It's a different story when a) your mind is set on statistics/linear algebra b) you've never had to actually implement binary search by hand since college and c) even if you do implement the algorithm and demonstrate that you have a general understanding, it must work perfectly and pass test cases otherwise it doesn't count.

FWIW I was rarely asked about algorithmic complexity which is more relevant in DS/ML, albeit it's usually in the context of whiteboarding another algorithm and the interviewer mocking me for doing it in O(n) instead of O(logn).

kragen · on Jan 10, 2022

Binary search in particular is surprisingly tricky, which is precisely what makes it useful for telling if someone knows how to program.

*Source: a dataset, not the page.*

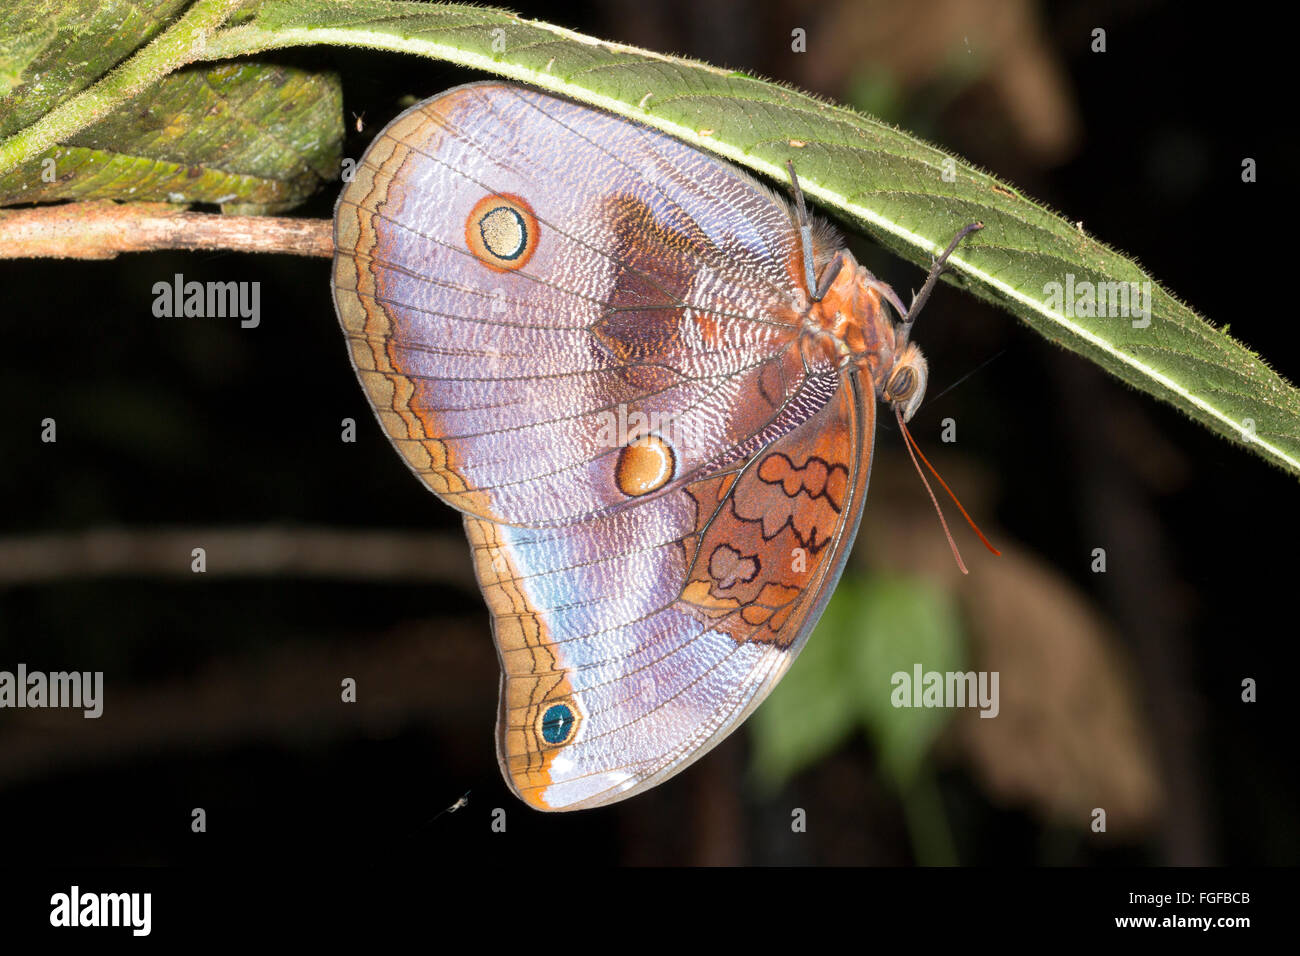 Schmetterling, Catoblepia Xanthocles, Familie Brassolidae Schlafplatz Upside-down in den Regenwald Unterwuchs nachts in Ecuador Stockfoto

To a significant extent, though, you can cheat by studying binary search itself, which is a surprisingly beautiful thing.

I like this formulation for finding the first index in a half-open range where p is true, assuming p stays true thereafter:

    bsearch p i j :=
     i                   if i == j else
     bsearch p i       m if p m    else
     bsearch p (m + 1) j
     where m := i + (j - i)//2

Or in Python:

    def bsearch(p, i, j):
        m = i + (j - i) // 2
        return (i if i == j
                else bsearch(p, i, m) if p(m)
                else bsearch(p, m+1, j))

The only tricky thing about this formulation is that m < j if i < j, thus the asymmetric +1 in only one case to ensure progress. If invoked with a p such as a[m] >= k it gives the usual binary search on an array without early termination. The i + (j - i) // 2 formulation is not needed in modern Python, but historically an overflowing (i + j) // 2 was a bug in lots of binary search library functions, notably in Java and C.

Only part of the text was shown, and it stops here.